= PROBLEM DESCRIPTION =
First find the line with "Iceland Winter Photos_", then reproduce it and all following lines of the data to the end, exactly and with no pictures, adding nothing.

= SUPPLIED DATA =
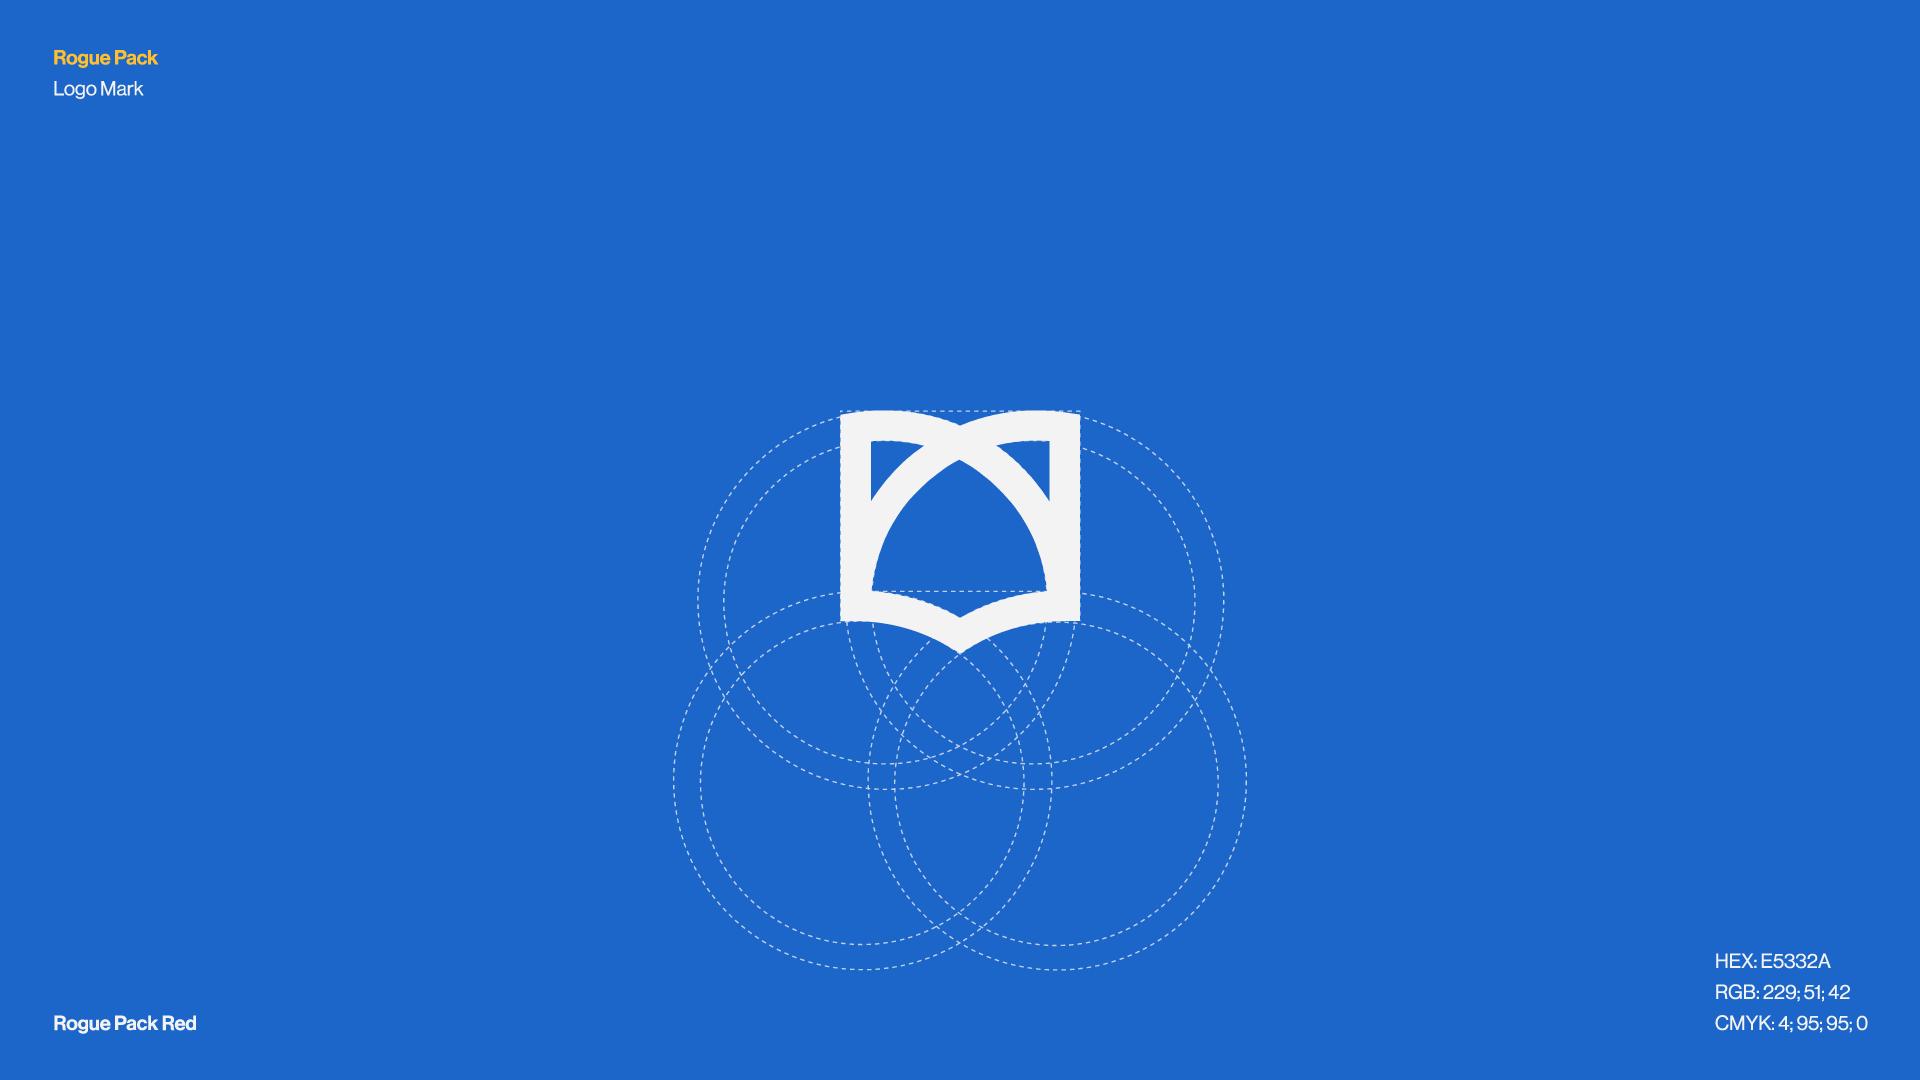 Rogue Pack logo grid. Modern Logo Design
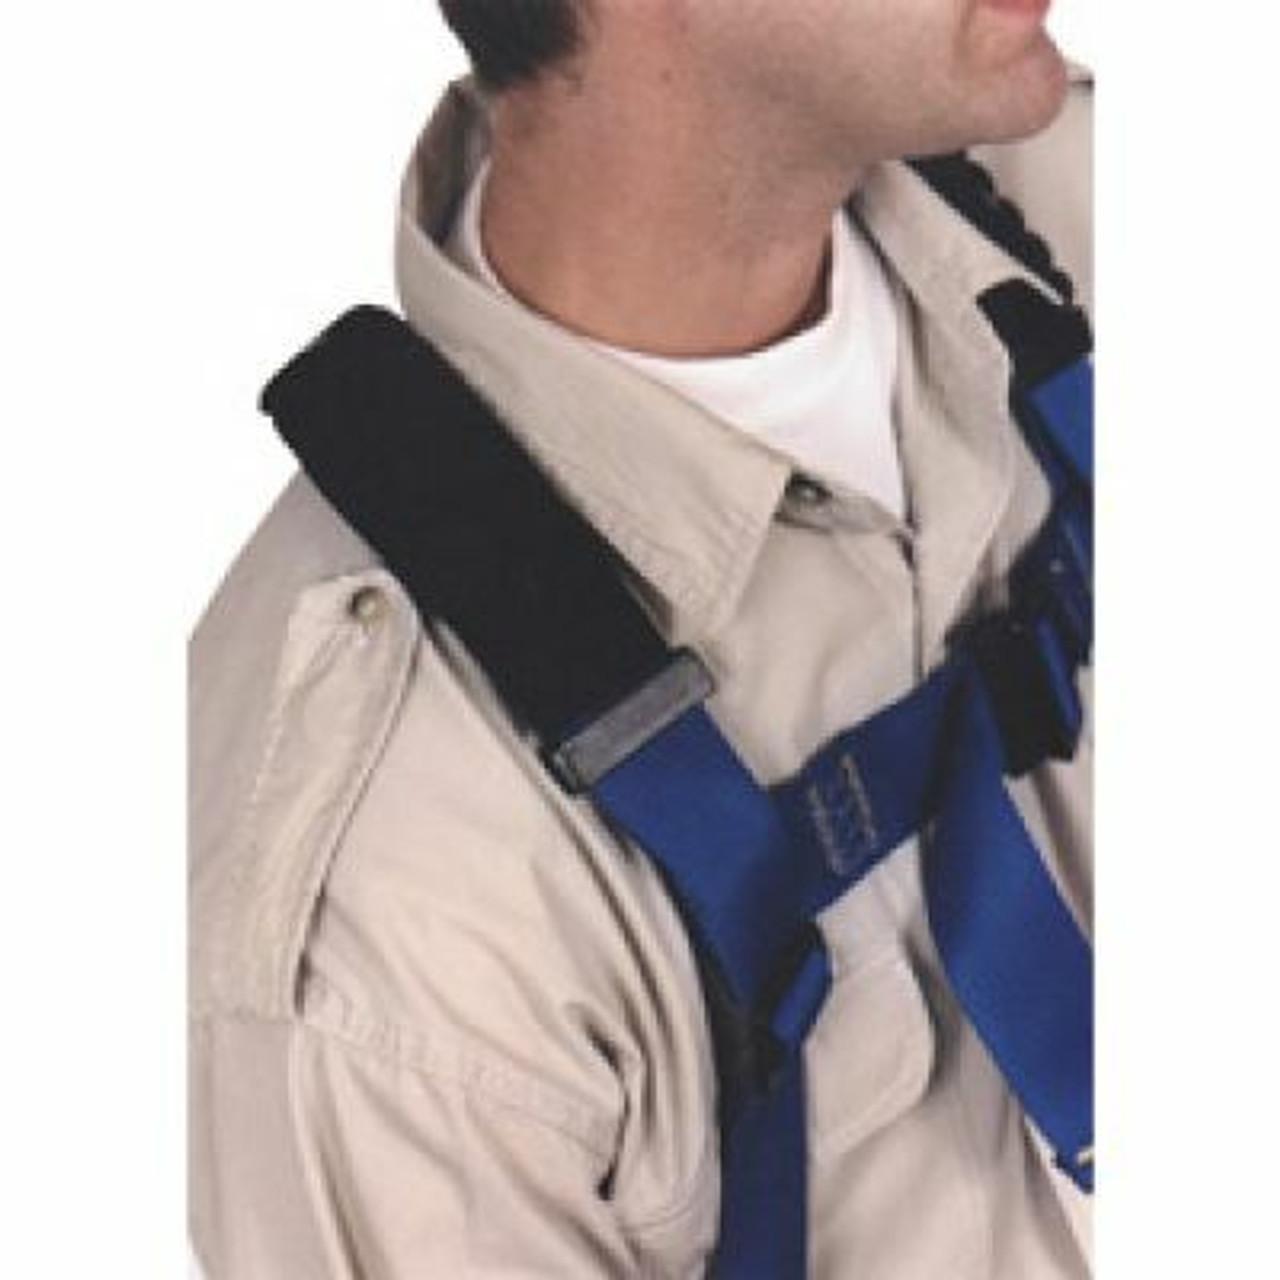 Tractel Xspadw Harness Shoulder Pads
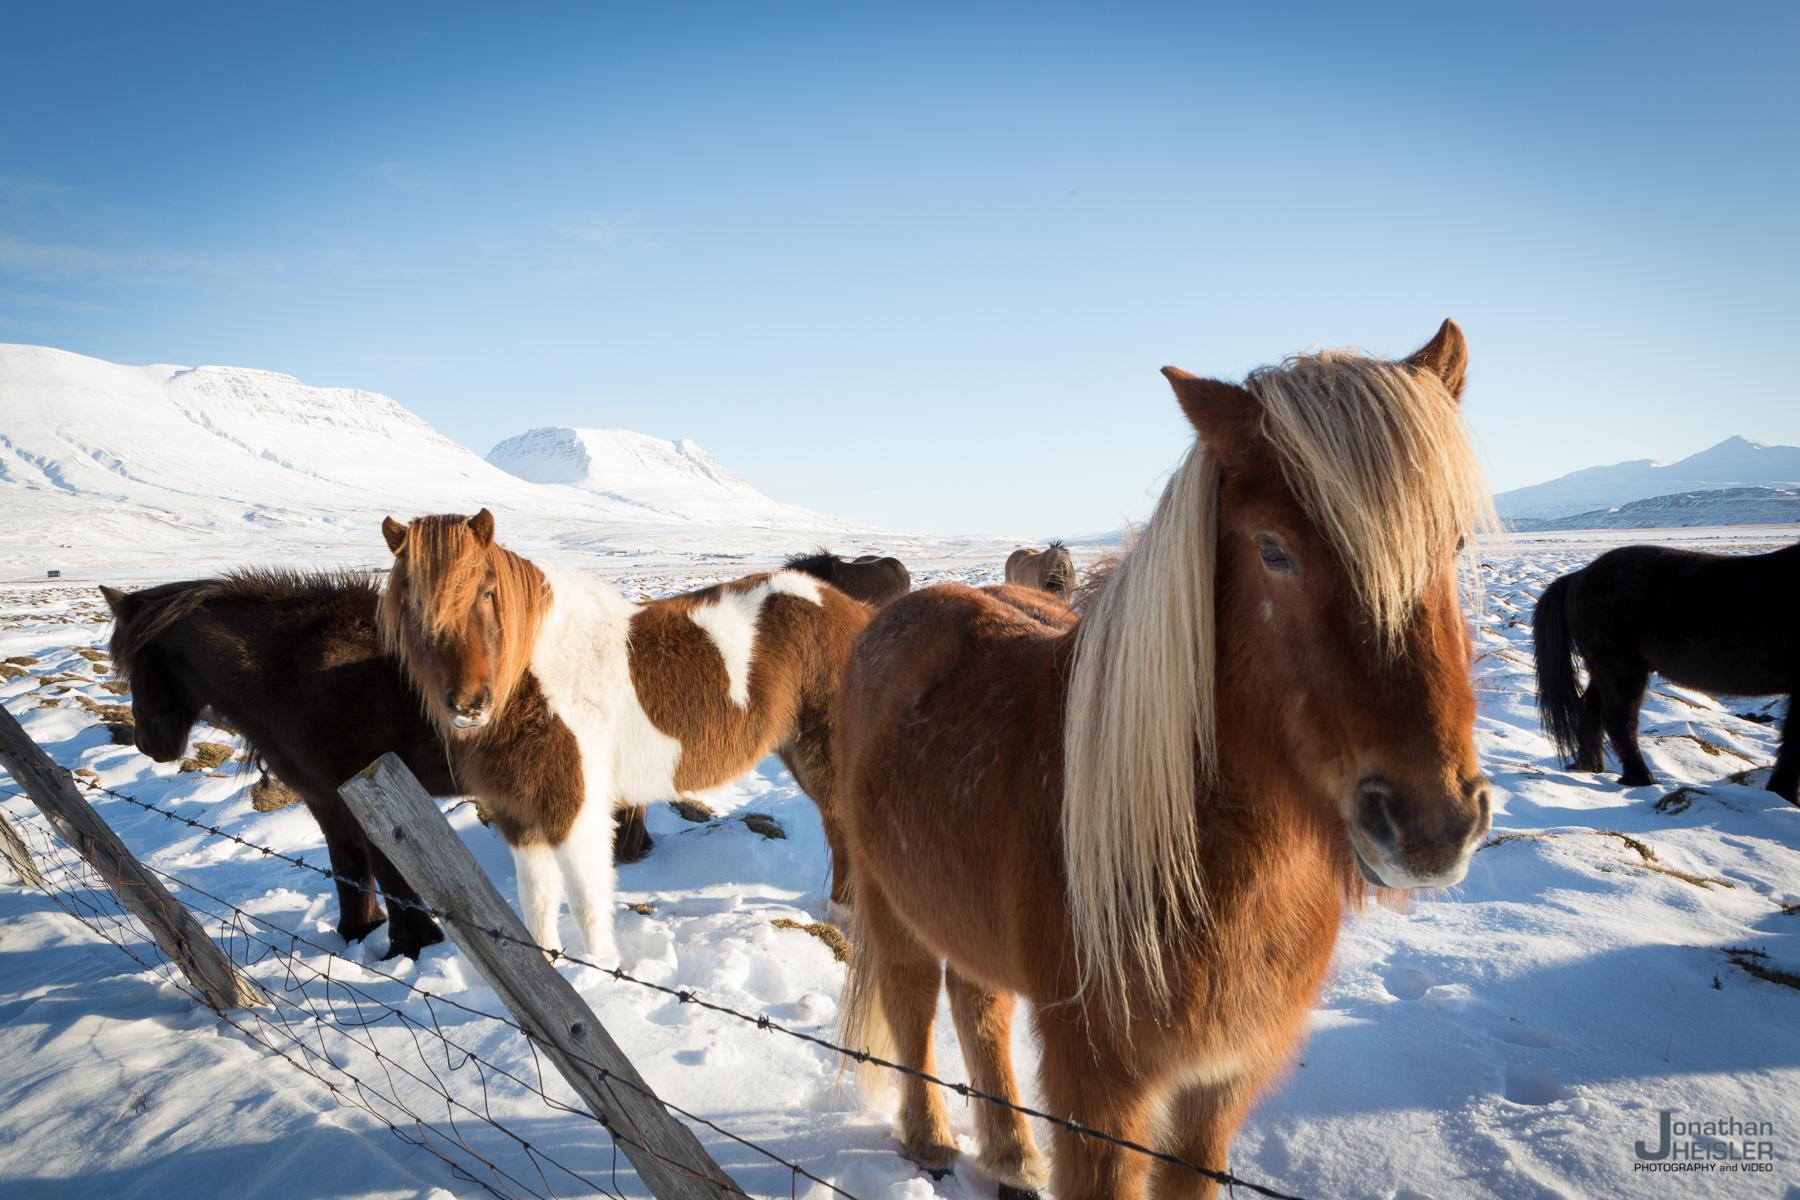 Iceland Winter Photos_  Jonathan Heisler __  02292016 _ 056.jpg
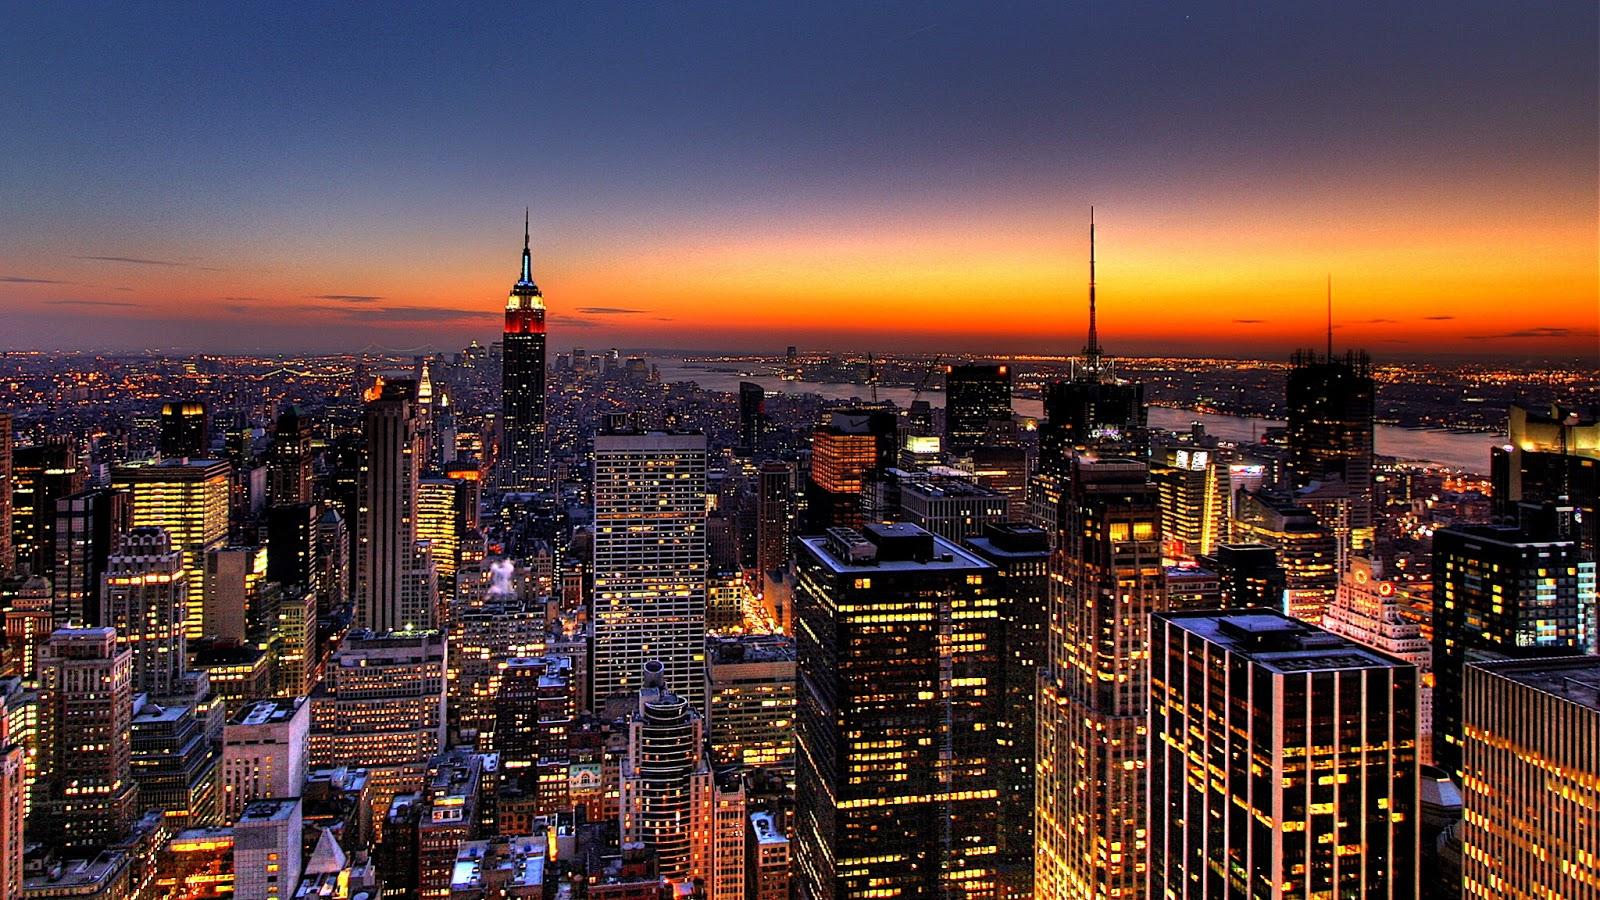 10 Kota Terindah Pada Malam Hari All About The World

= SOLUTION =
 Iceland Winter Photos_  Jonathan Heisler __  02292016 _ 056.jpg
 10 Kota Terindah Pada Malam Hari All About The World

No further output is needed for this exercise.